Below is a snapshot of what you can expect from the basic stuff that exists today:
> python -m python.examples.matmul.bench
###############################################################
Compile-time problem size {'m': 2040, 'n': 2041, 'k': 2042}
Runtime problem size {'m': 2040, 'n': 2041, 'k': 2042}
Problem types [<class 'numpy.float32'>, <class 'numpy.float32'>, <class 'numpy.float32'>]

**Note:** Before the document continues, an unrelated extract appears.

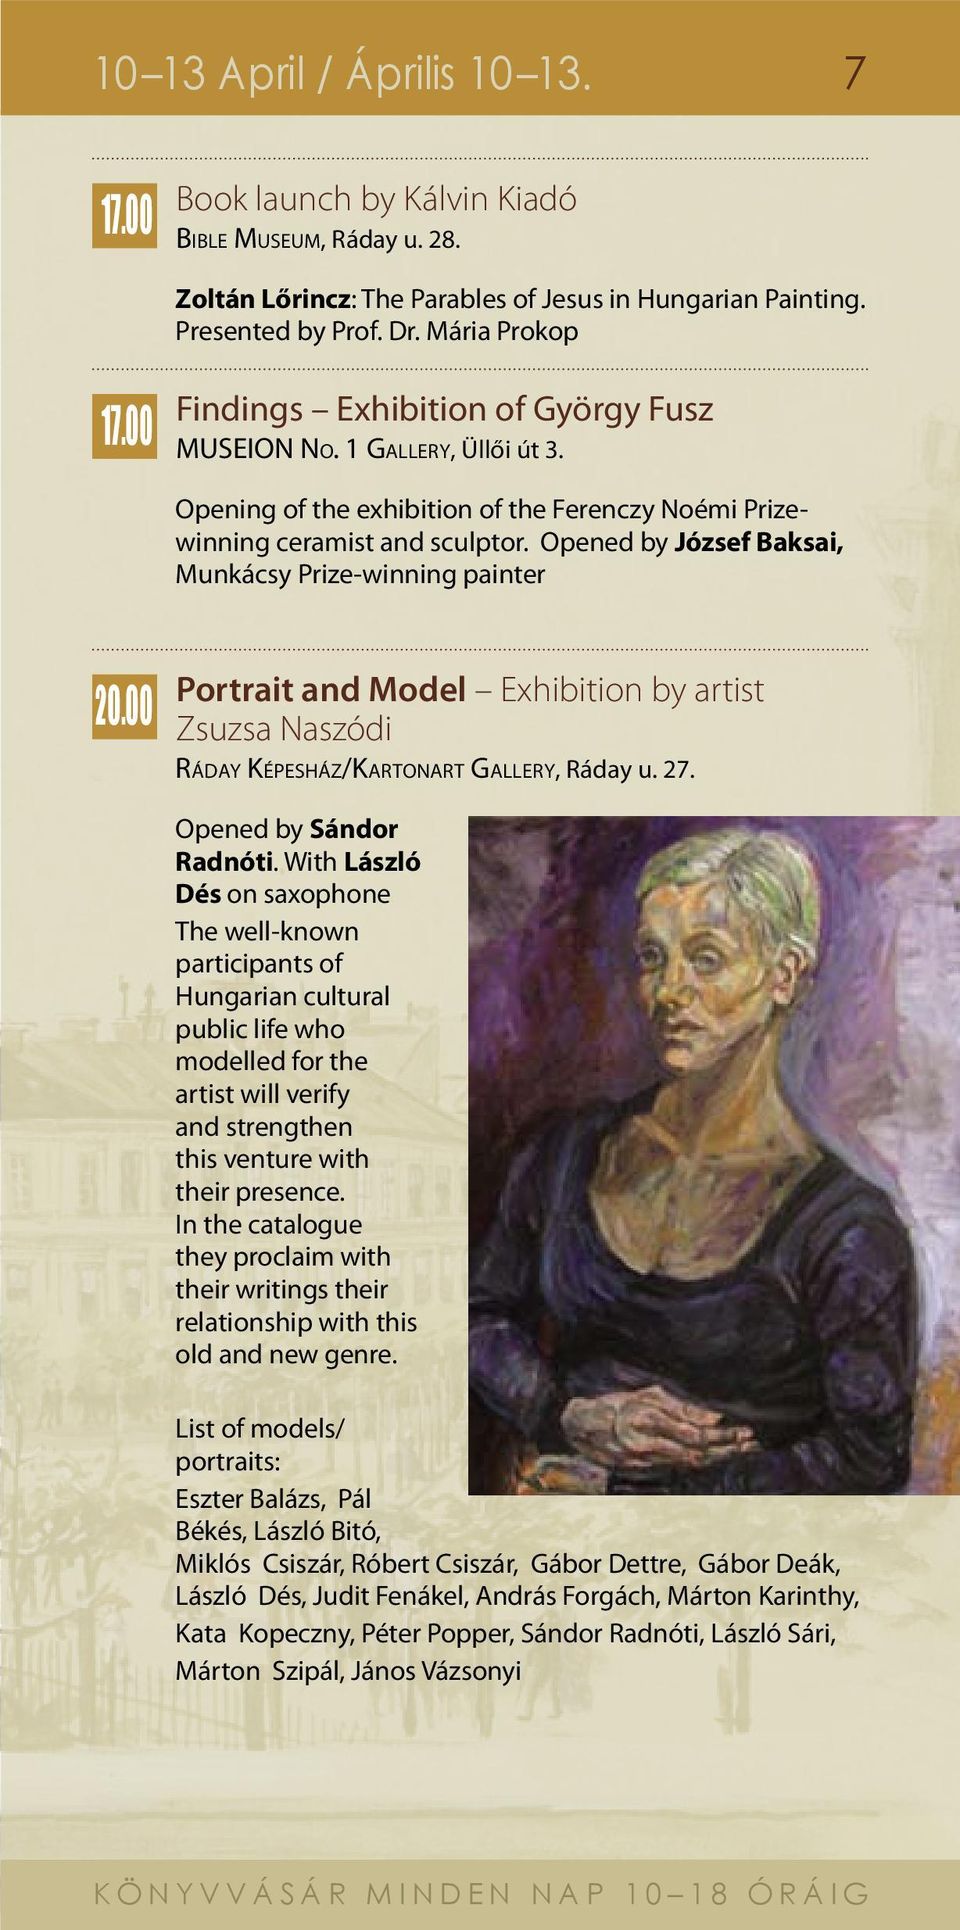 Opened by József Baksai, Munkácsy Prize-winning painter 20.00 Portrait and Model Exhibition by artist Zsuzsa Naszódi Rá d a y Képesház/Ka r t o n a r t Galler y, Ráday u. 27. Opened by Sándor Radnóti.

Compilation expert <python.examples.core.transform.TransformationList object at 0x7fd3b8e4e5e0>
compilation in 0.2015s
xxxxxxxxxx : 10 iters time on 1 threads
------------------------------------------------------------------------------------------------------------------------
slowest p1 p10 p25 p50 p75 p90 p99 fastest unit
------------------------------------------------------------------------------------------------------------------------
2.3e-01 2.3e-01 2.2e-01 2.2e-01 2.2e-01 2.2e-01 2.1e-01 2.1e-01 2.1e-01 seconds
73.58 73.58 76.24 76.49 78.15 78.76 82.07 82.07 82.07 GFlops/s
0.29 0.29 0.30 0.30 0.31 0.31 0.32 0.32 0.32 GBs/s
Compilation expert <python.examples.core.transform.TransformationList object at 0x7fd3b8e4e580>
compilation in 0.322s
xxxxxxxxxx : 10 iters time on 1 threads
------------------------------------------------------------------------------------------------------------------------
slowest p1 p10 p25 p50 p75 p90 p99 fastest unit
------------------------------------------------------------------------------------------------------------------------
1.6e-01 1.6e-01 1.6e-01 1.6e-01 1.6e-01 1.6e-01 1.5e-01 1.5e-01 1.5e-01 seconds
103.70 103.70 103.74 103.78 105.14 106.28 112.44 112.44 112.44 GFlops/s
0.41 0.41 0.41 0.41 0.41 0.42 0.44 0.44 0.44 GBs/s
###############################################################
Compile-time problem size {'m': -1, 'n': 2041, 'k': -1}
Runtime problem size {'m': 2040, 'n': 2041, 'k': 2042}
Problem types [<class 'numpy.float32'>, <class 'numpy.float32'>, <class 'numpy.float32'>]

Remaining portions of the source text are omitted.